Bir inanç veya kimlik ideolojisinin yoğun baskısı ile aptallaşmış bir kişiyi düşünün! O bireyden özgür düşünce beklemek abesle iştigal olur. Çünkü aptallaştırılmış birey, ona ezberletilmiş sloganlarla konuşur. Aslına bakılırsa bu insanlara acımak gerekir. Zira aptal insan büyülenmiş, kör olmuş, kötüye kullanılmış ve suiistimal edilmiş bir zavallıdır.
Bonhoeffer’a göre aptallık, “doğuştan gelen bir entelektüel eksiklik değil, bireyin düşünme sorumluluğunu bilinçli olarak terk etmesiyle ortaya çıkar. Totaliter rejimler, sorgulama özelliğini baskılayarak veya yönlendirerek bireyleri edilgen ve itaatkâr hale getirir. Böylece aptallık, bireysel bir kusur olmaktan çıkıp toplumsal bir soruna dönüşür.
Aptallığın Teorisi’ne göre zeki insanlar bile bu duruma düşer. Çünkü bu durum, akıl kapasitesinden çok bireyin içinde bulunduğu sosyal ve politik bağlama bağlıdır. Baskı altındaki bireyler, kendi muhakemelerini askıya alarak güçlü figürlerin söylemlerini sorgulamadan kabul eder. Bu da toplumun manipülasyona açık hale gelmesine yol açar.”

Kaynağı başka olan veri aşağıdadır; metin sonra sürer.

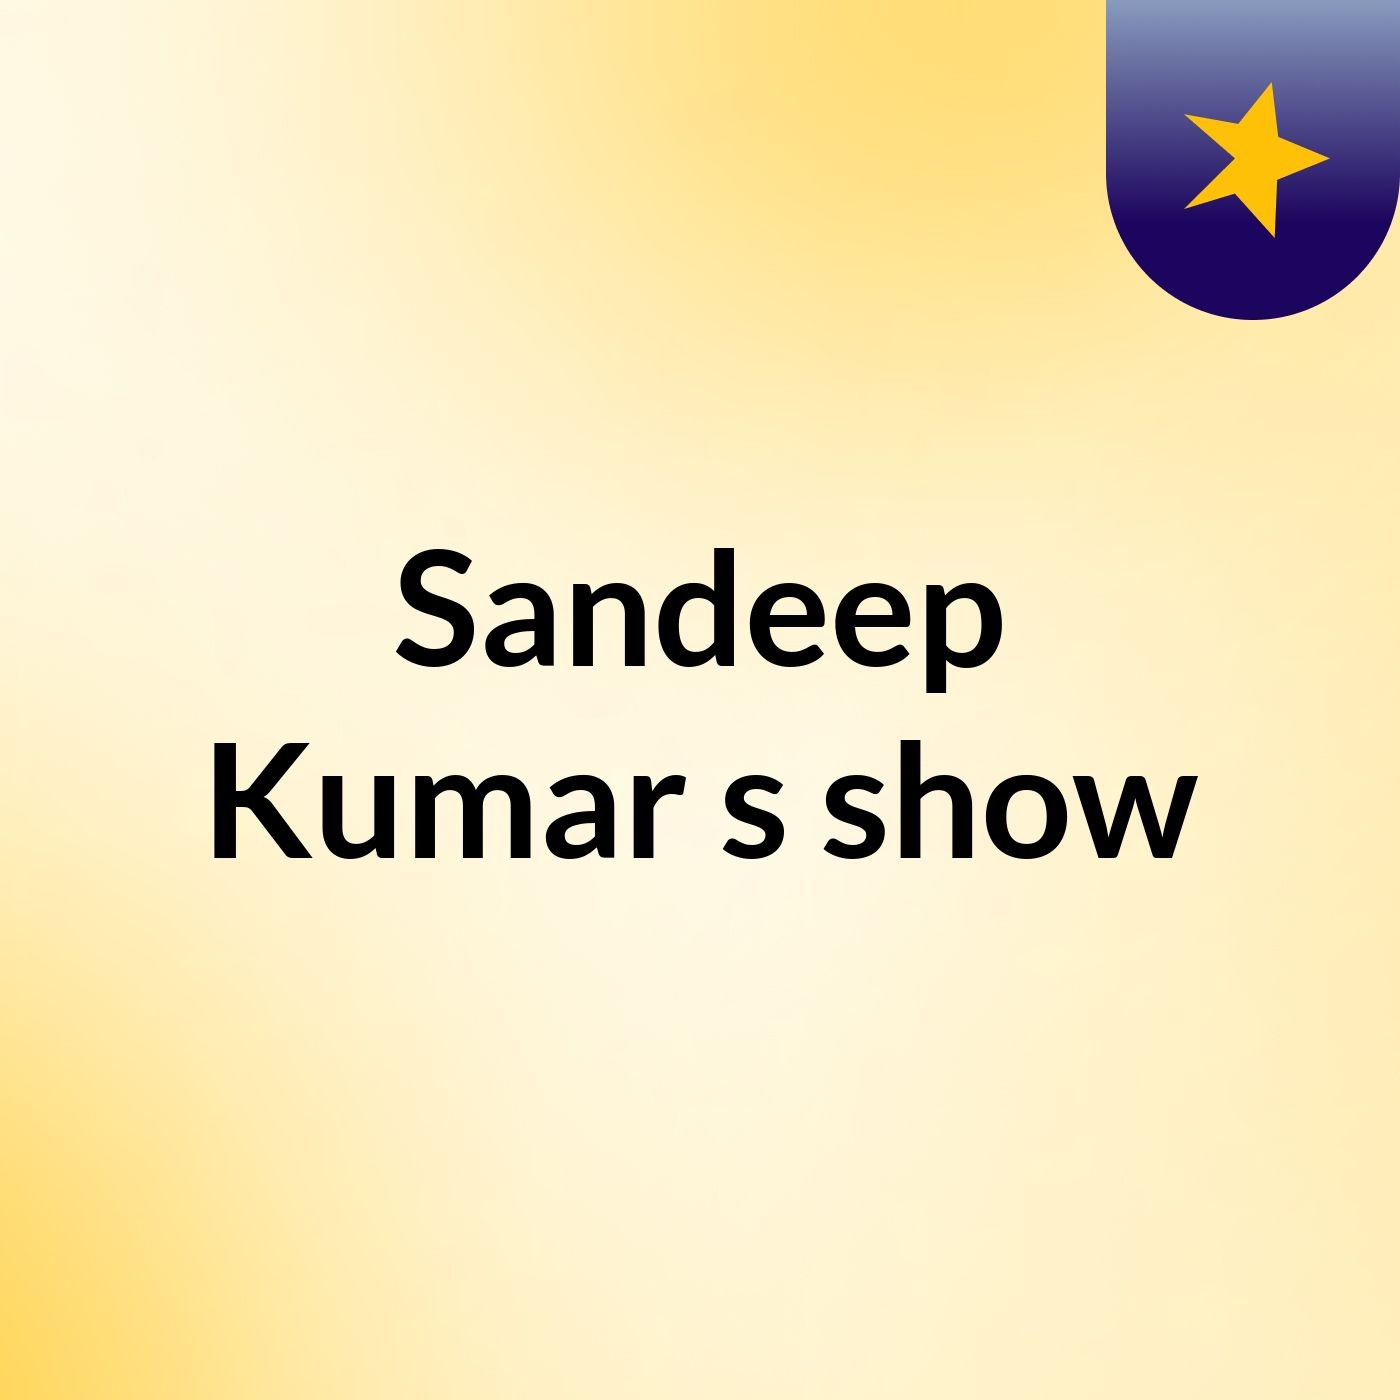 Sandeep Kumar's show

Bir hikâye vardır. “Kurtla eşek bir konuda tartışmaya başlamışlar. Kurt haklı, eşek haksız ve ancak eşek son derece inatçı, dediğinden şaşmıyor, kurdu dinlemiyor bile. Aslanın hakemliğine başvurmuşlar.
Aslan tarafları dinlemiş ve eşeğe, “tamam, tamam, sen haklısın,” demiş. Eşek sevinçle hoplaya sıçraya ayrılınca, kurt sormuş, “Yahu, bu nasıl karar, benim haklı olduğum apaçık ortada, sen nasıl eşeği haklı bulursun?”

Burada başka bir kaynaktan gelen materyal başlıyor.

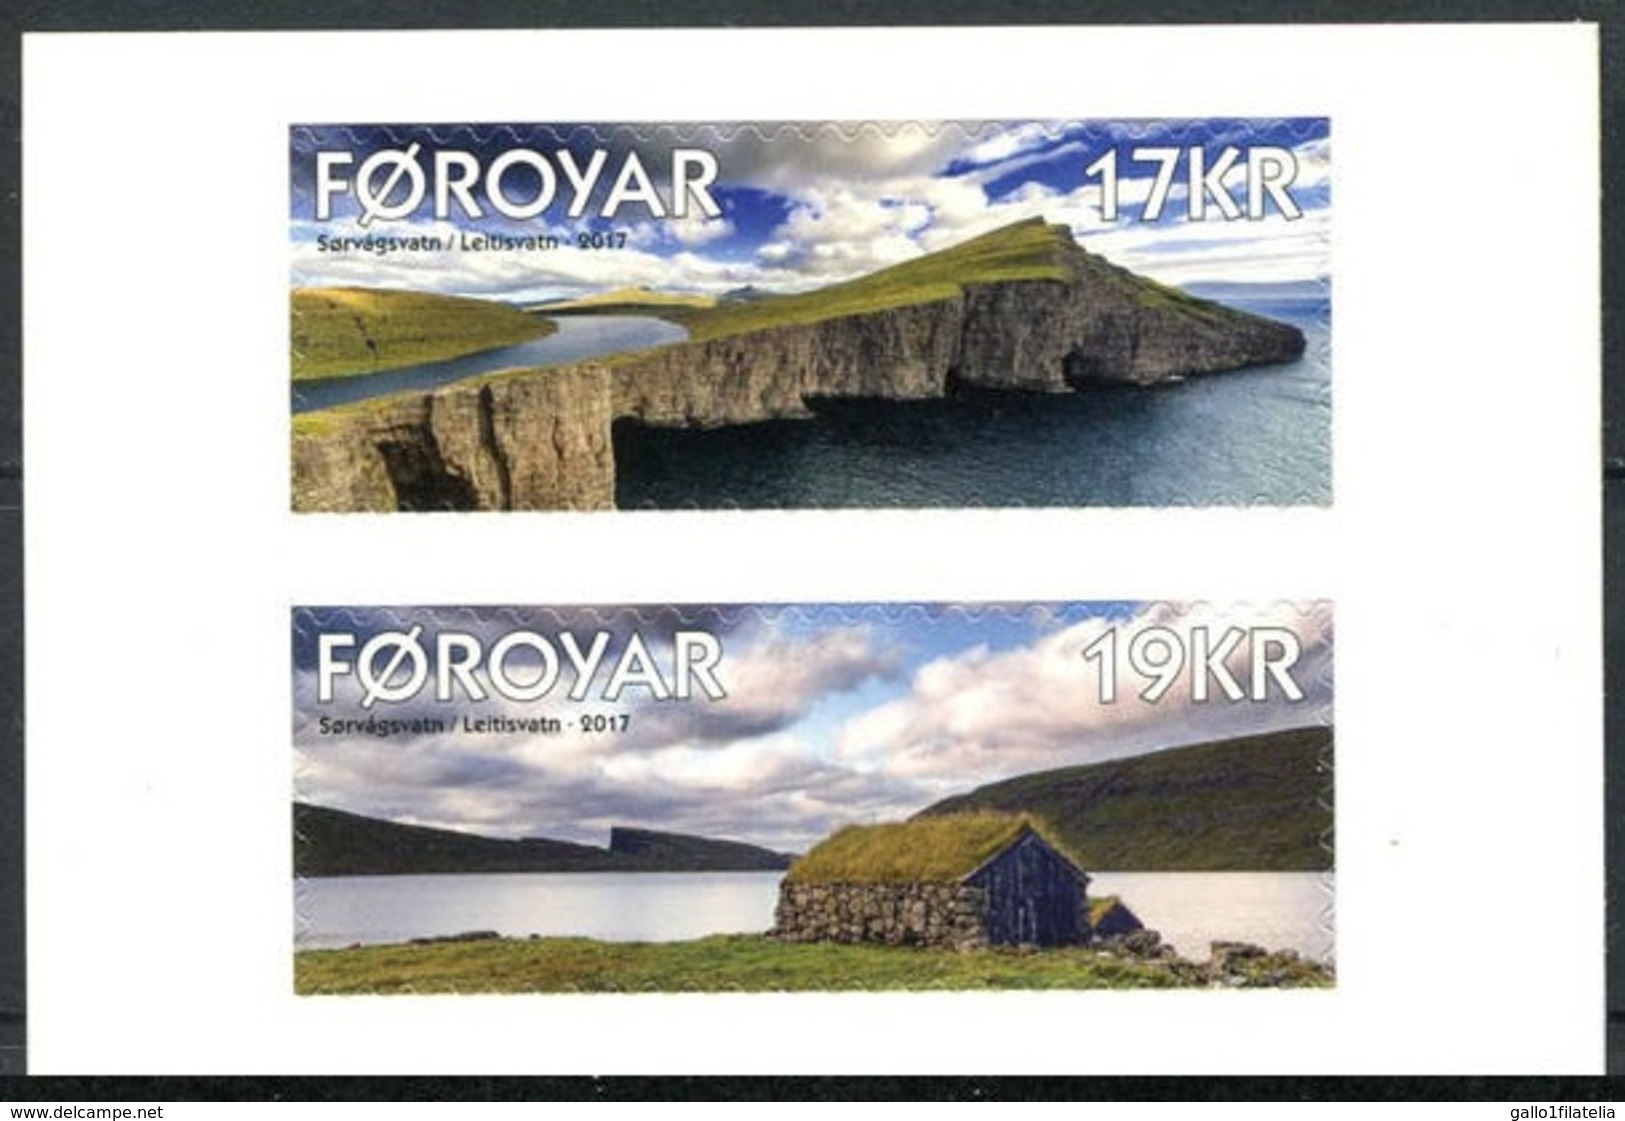 2017 - Fær Øer / FAROER - PAESAGGIO / LANDSCAPE - SET ADESIVO DA LIBRETTO / ADHESIVE SET FROM BOOKLET. MNH. - Isole Faroer

Aslan gülmüş. “Sen,” demiş, “savunduğun konuda haklısın; ancak eşekle tartıştığın için haksızsın, boşuna zamanını harcamışsın, bildiğinden şaşmayan, cahil, üstüne üstlük kendini bir halt zanneden eşeğe laf anlatmak mümkün değil ki, bırak inadını sürdürsün!
Vaktini bir daha boşuna harcama.”
Aptallaştırılmış, düşünce ve sorgulama sistemi bozulmuş insanlarla tartışmak boşa kürek çekmektir. Çünkü bu insanlar kuklaya dönüştürülmüş olduğundan ne kadar kötü bir şey yaptığını bilmezler ve her türlü kötü kullanıma açık hale gelirler. Papağan gibi kendilerine öğretilenden öteye gidemezler.

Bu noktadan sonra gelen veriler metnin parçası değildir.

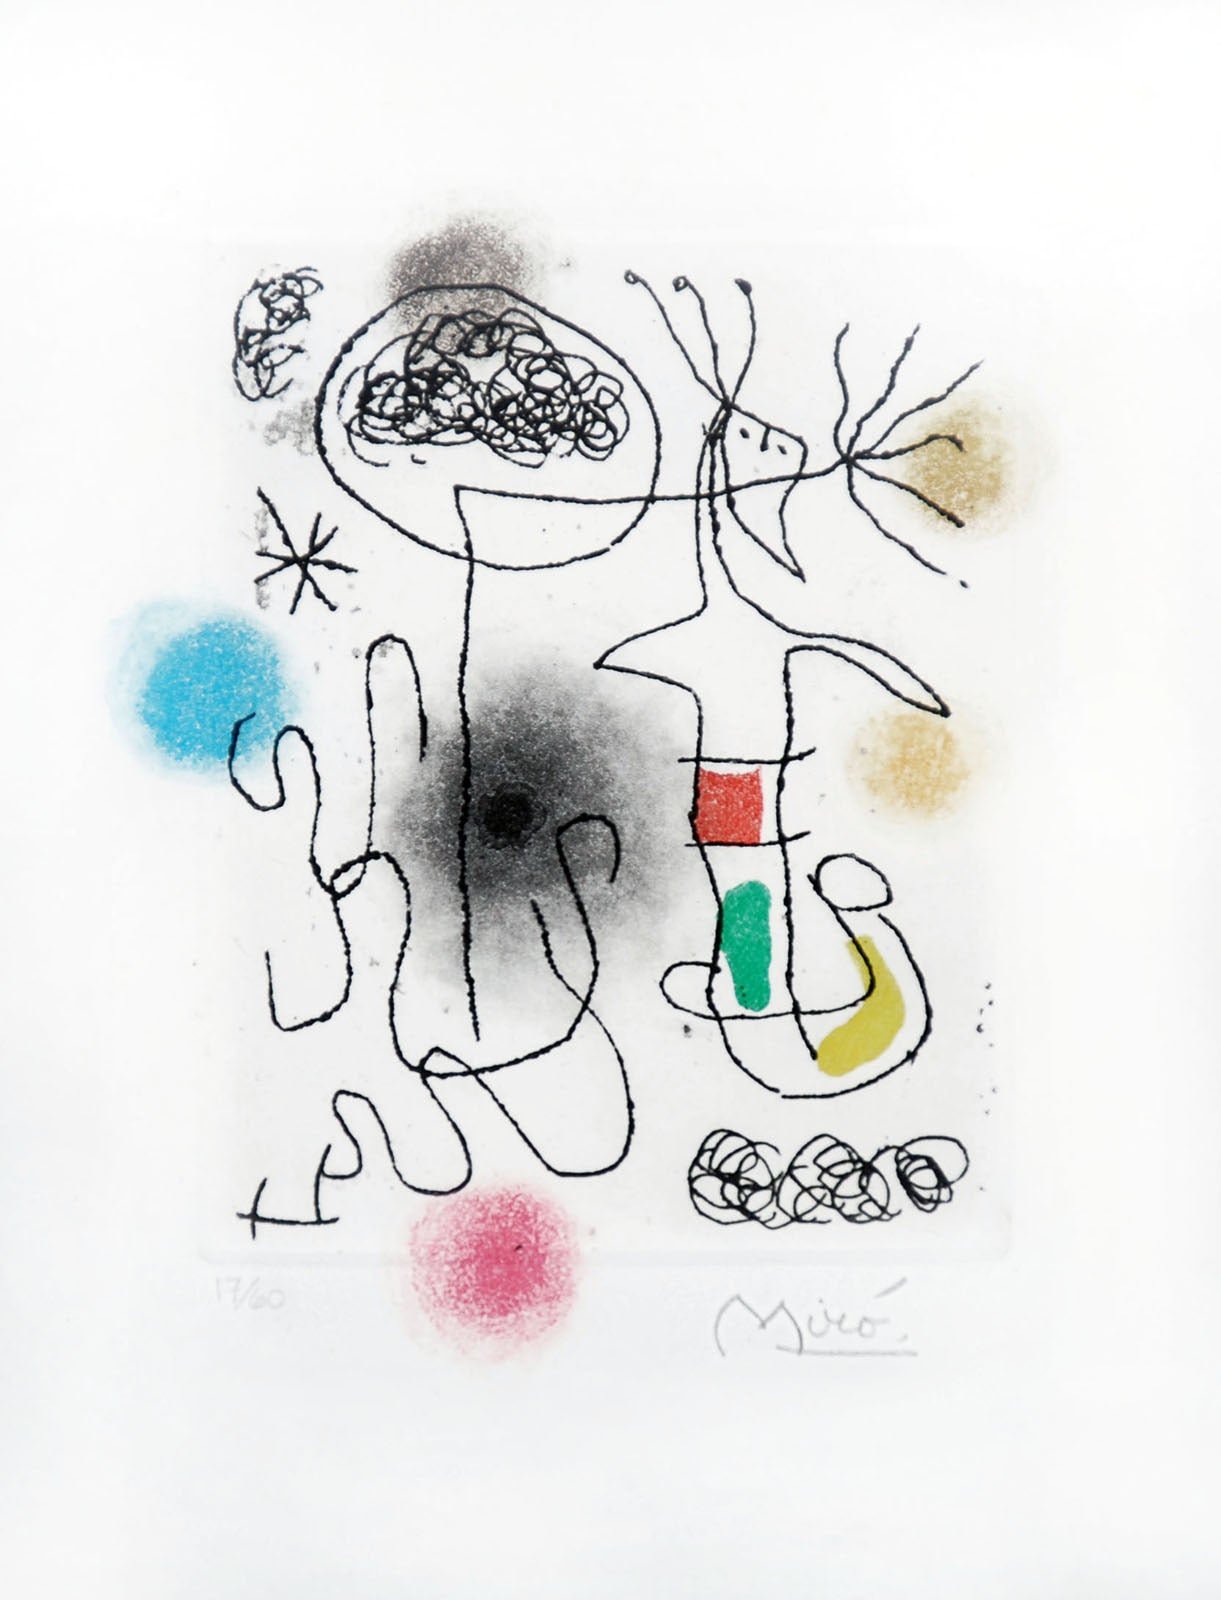 Midi le trèfle blanc, 1968 - Print by Joan Miró

Aptallık Teorisi’nden kurtulmanın tek bir yolu vardır. O da isteyerek özgürleşmeleridir. Eğer birey, özgürleşir ve sorgularsa aptallığın bağlarından kurtulur.
“Yaptığımız her şeyden sorumluyuz.” Bu sözler ile yaşama veda eden Bonhoeffer yine haklı çıktı. Zira Nazizm’in kurucuları Hitler ve Goebels, yenilgi sonrası intihar ettiler. İnsanlığa verdikleri zararla, yaptıkları zulümle, neden oldukları milyonlarca masum hayatla, günümüzde bile lanetlenmeye devam ediliyorlar.
Son söz; “Tüm dünyada, gerçeğin çarpıtılmasıyla hipnotize edilmiş ve özgür düşünce yetilerini yitirmiş milyonlar, aptallaşmaya ve hayatlarımızı zindana çevirmeye devam ederken tek tesellimiz her şeye rağmen bu hayatlarda Bonhoeffer gibilerinin varlığıdır.”
Bonhoeffer kaleme aldığı notlarında şöyle söyler: “Eylem bir düşünceden değil, sorumluluk almaya hazır olma durumundan ortaya çıkar. Ahlaki bir toplumun en büyük sınavı, çocuklarına nasıl bir dünya bıraktığıdır.”
Siz ne dersiniz? Yapay zekâ çağı diye nitelendirilen günümüzde, insanlığın sorunu zekâ geriliği mi yoksa ahlaki bozukluk mu? Aptallık mı yoksa aptallığın farkında olamamak mı?
Günün Sözü: “Biz cahil dediğimiz zaman, mektepte okumamış olanları kastetmiyoruz. Kastettiğimiz ilim, hakikati bilmektir. Yoksa okumuş olanlardan en büyük cahiller çıktığı gibi, hiç okumak bilmeyenlerden de hakikati gören gerçek alimler çıkabilir.”